1. Have an old mongo cluster (perhaps before UUIDs for collections, so 3.6?)
2. Have lots of collections
3. Upgrade mongo until binaries are at 5.0 and FCV is at 4.4
4. Attempt to execute FCV upgrade to 5.0

Sprint: Sharding EMEA 2023-10-30, CAR Team 2023-11-13, CAR Team 2023-11-27, CAR Team 2023-12-25, CAR Team 2024-01-08
Participants:
Case:
Story Points: 2

 Description   

When upgrading our oldest running production mongo cluster from 4.4 to 5.0 FCV (feature compatibility version), the operation fails.
This mongo cluster has been continuously running since something like 2.4 or 2.6, early days. Our other clusters which are newer did not have this issue.

 

 

mongos> db.adminCommand( { setFeatureCompatibilityVersion: "5.0", writeConcern: { w: "majority", wtimeout: 900000 } } )
{
    "ok" : 0,
    "errmsg" : "Failed command { _flushRoutingTableCacheUpdatesWithWriteConcern: \"REDACTED_DB1.REDACTED_COLLECTION1\", syncFromConfig: true, writeConcern: { w: \"majority\", wtimeout: 60000 } } for database 'admin' on shard 'rs_prod1_shard24' :: caused by :: Failed to read persisted collections entry for collection 'REDACTED_DB1.REDACTED_COLLECTION1'. :: caused by :: Failed to read the 'REDACTED_DB1.REDACTED_COLLECTION1' entry locally from config.collections :: caused by :: BSON field 'ShardCollectionType.uuid' is missing but a required field",
    "code" : 40414,
    "codeName" : "Location40414",
    "$clusterTime" : {
        "clusterTime" : Timestamp(1696887685, 3143),
        "signature" : {
            "hash" : BinData(0,"AAAAAAAAAAAAAAAAAAAAAAAAAAA="),
            "keyId" : NumberLong(0)
        }
    },
    "operationTime" : Timestamp(1696887680, 5271)

 

 

We have a 30 shard cluster, each of which are replica sets.
When I inspect the config.collections metadata from one of our mongos nodes, I see that all collections do have a UUID:

mongos> config.collections.count({uuid: {$exists: 0}})
0
mongos> config.collections.count({uuid: {$exists: 1}})
79508

However when I go to the primary for some of the shards (shards 29 and 30 output below), you can see that a ton of collections have no UUID directly on the shard, according to the `config.cache.collections` collection information.

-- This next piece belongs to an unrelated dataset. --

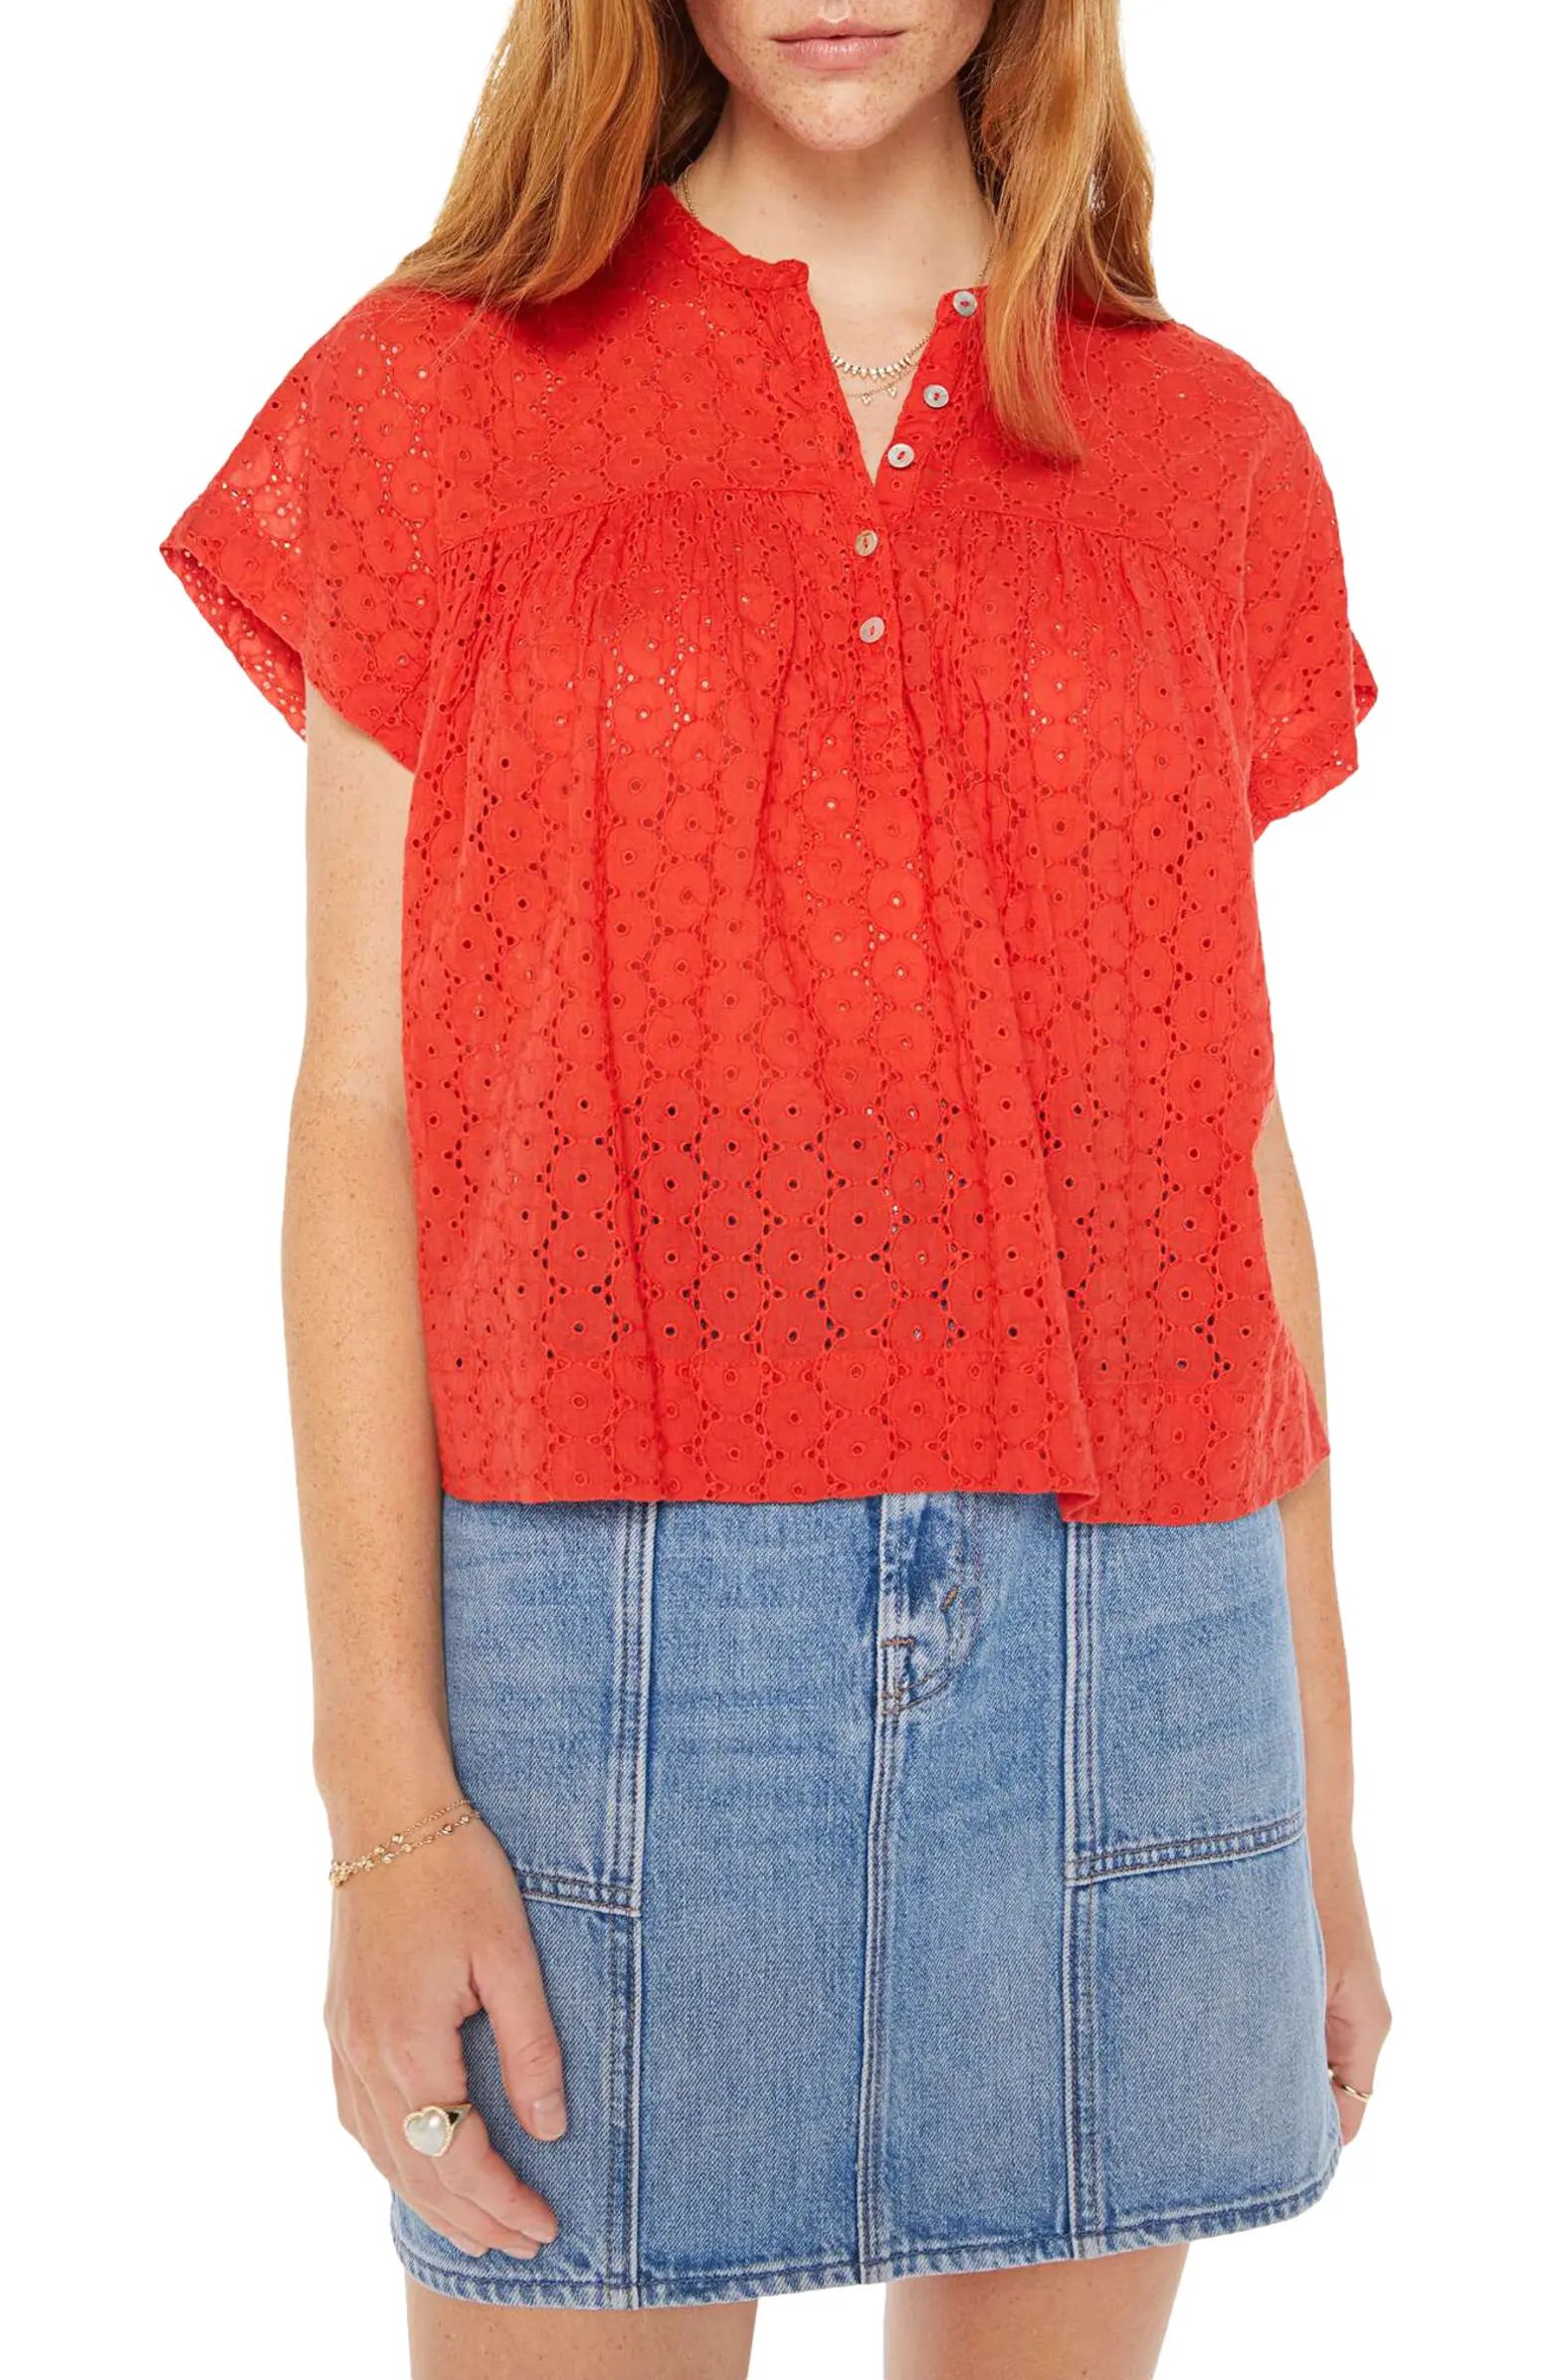 The Pop Your Top Cotton Eyelet Top | Nordstrom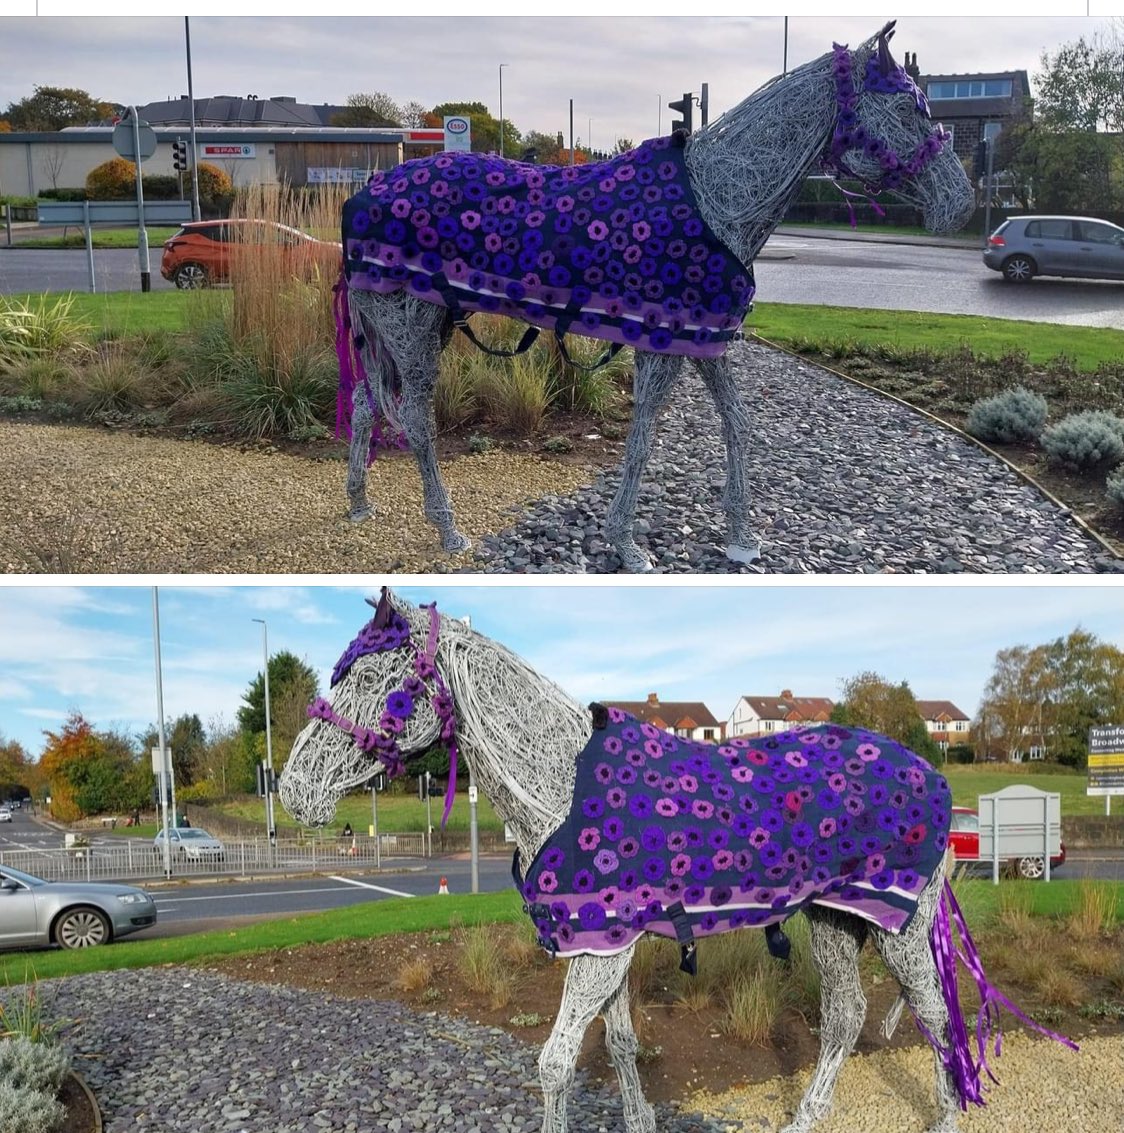 If you’re close to Horsforth, West Yorkshire you can see we’ve decorated the Horsforth Horse again this year with thanks to Adam. #Theyalsoserved #MAPPC

rs_prod1_shard29:PRIMARY> config.cache.collections.count({uuid: {$exists: 0}})
18337
rs_prod1_shard29:PRIMARY> config.cache.collections.count({uuid: {$exists: 1}})
56378

rs_prod1_shard30:PRIMARY> config.cache.collections.count({uuid: {$exists: 0}})
29756
rs_prod1_shard30:PRIMARY> config.cache.collections.count({uuid: {$exists: 1}})
36651 

Taking one of the collections without a UUID and doing a count on it on that shard shows that all of these collections have 0 count of documents (on this shard). Most of these collections aren't actually non-0 in size, just non-0 in data on this specific shard.

rs_prod1_shard30:PRIMARY> var collectionsWithoutUUID = config.cache.collections.find({uuid: {$exists: 0}});
var collectionsIterated = 0;
while (collectionsWithoutUUID.hasNext()) {
    var collectionCacheInfo = collectionsWithoutUUID.next();
    var databaseName = collectionCacheInfo._id.split(".")[0];
    var collectionName = collectionCacheInfo._id.split(".")[1];
    var count = db.getSiblingDB(databaseName)[collectionName].count();
    if (count !== 0) {
        print(collectionCacheInfo._id + "     -    " + count);
    }
}

We've noticed that there were a number of collections before the FCV upgrade that had been created on shards where the chunks didn't live, even before the upgrade.
So you'd have a collection, say, where there's 1 (or many!) chunks all on 1 shard, but other shards have the collection as existing, even though the shard doesn't own any chunks for the collection.
These empty/phantom collections would have weird properties. Often they didn't have the index definitions that the (real) chunk/shard had for the collection, and often they had a UUID mismatch as well.
In some cases that UUID mismatch would prevent chunks getting distributed, which in turn slowed down or blocked the balancer, because the balancer would (correctly) find these chunks as needing to be moved but unable to do so (and would keep trying every balancer run)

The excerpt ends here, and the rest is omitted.